Она несколько раз шмыгнула носом, потом заговорила иным, рассудительным тоном:

— Ты должен быть счастлив. Вот что я себе твержу, но особой радости не испытываю. Нет, я хочу сказать, что испытываю радость, но это не утешает. Фредерик, я была с тобой счастлива. Может, вовсе не так счастлива, но мне это казалось. В сущности, да, лучше было бы, чтобы ты действительно был счастлив со своей женой, лучше бы, и я надеюсь, что…

Я надеюсь, что у вас с ней будет ребенок и все прочее. Но в чем же смысл? Не могу понять. Не могу больше понять. Ничего не понимаю. А дни идут за днями и ничего не улаживают.

Думаю, когда-нибудь вопреки всему. Вопреки всему и себе на беду. Я покончу с собой. Чтобы помешать всему, что… Всему, что может еще произойти. Но, возможно, у меня слабое воображение, я не вижу чего-то иного, что со мной произойдет. Не вижу больше. Не желаю больше, чтобы со мной что-то происходило. Только то, что завтра. Рассказывать тебе. Слушать тебя. Воображать, будто все можно перечеркнуть и начать сначала.

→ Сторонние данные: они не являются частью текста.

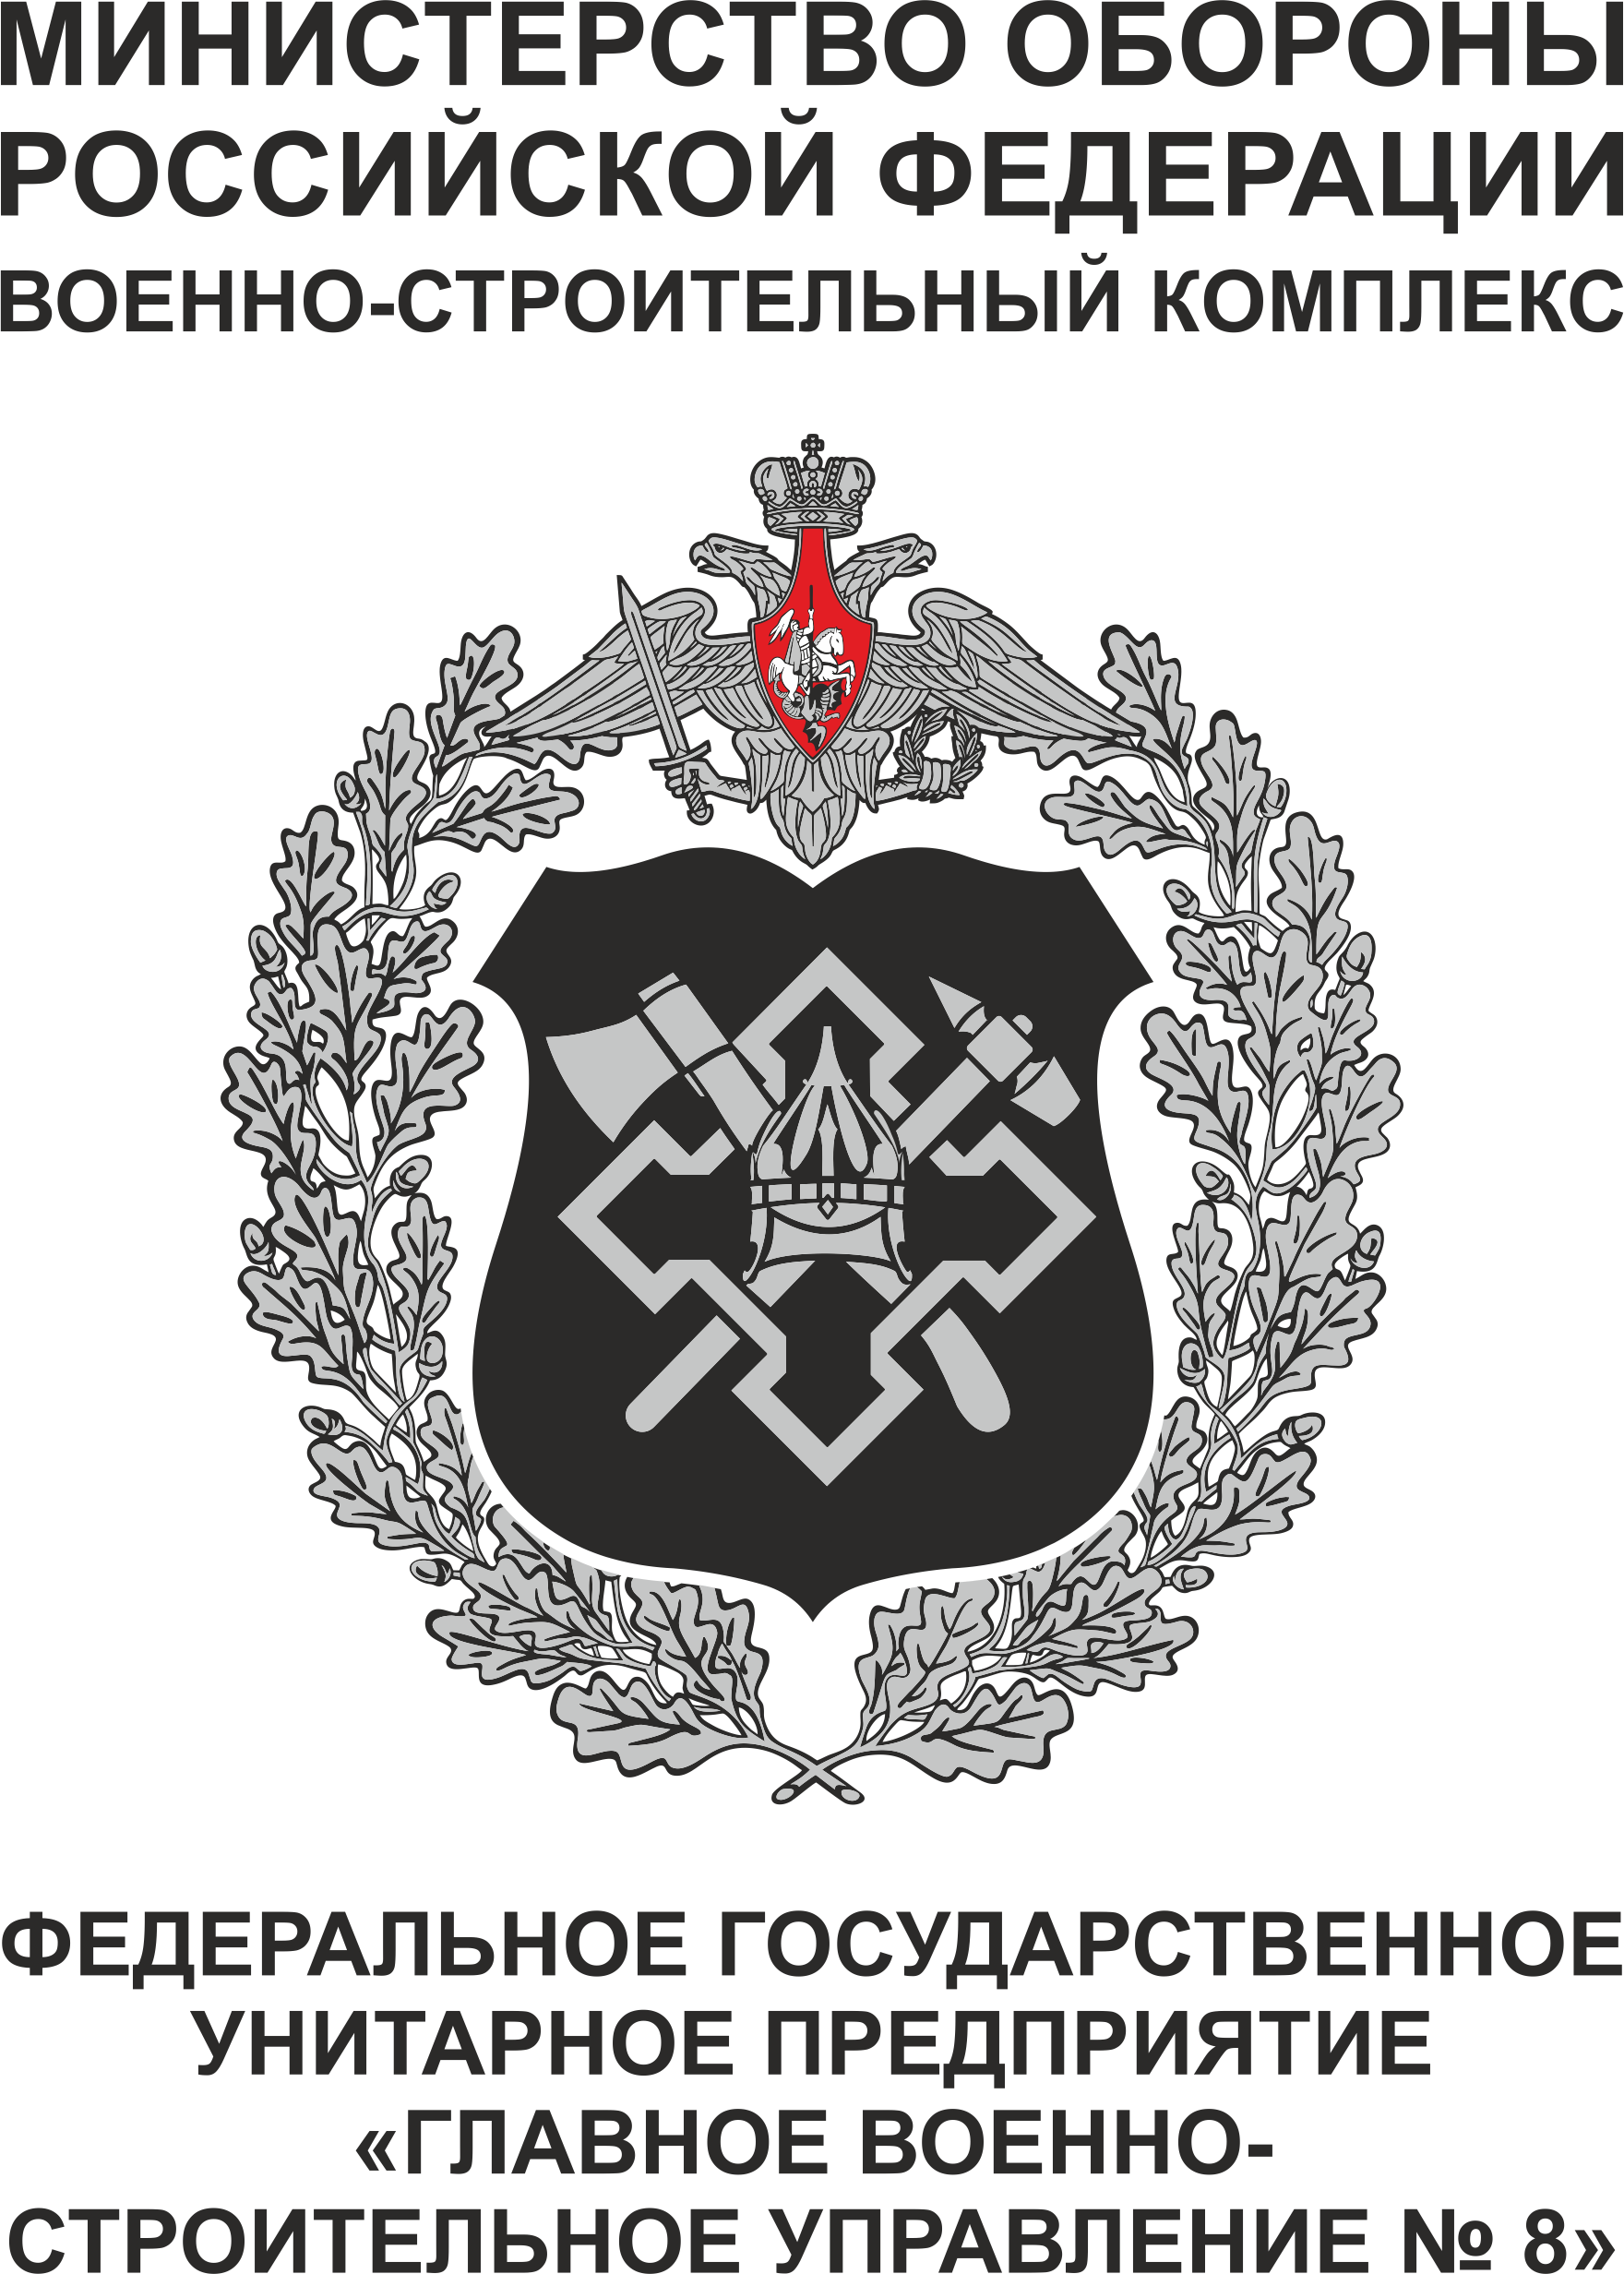 Главное военно-строительное управление № 8. логотип

А потом она уснула. Или, вернее, я. На следующее утро она не хотела меня будить. Она не попрощалась, ничего не сказала. Уехала и умерла. Так что волей-неволей все это и запечатлелось в моей памяти.

Папа тоже предатель. Мне было так стыдно, что я думала о Клер в маминых объятиях, так стыдно, что мама не захотела меня наказать, когда я сказала: «Ты и правда хочешь заставить меня уехать, как Клер?», что я спряталась в машине. Чего-чего, а прятаться я умею здорово. Ведь в стенной шкаф или в машину они сроду не заглянут, им это и в голову не придет, уж они непременно будут искать тебя где-то далеко, где тебя и в помине нет.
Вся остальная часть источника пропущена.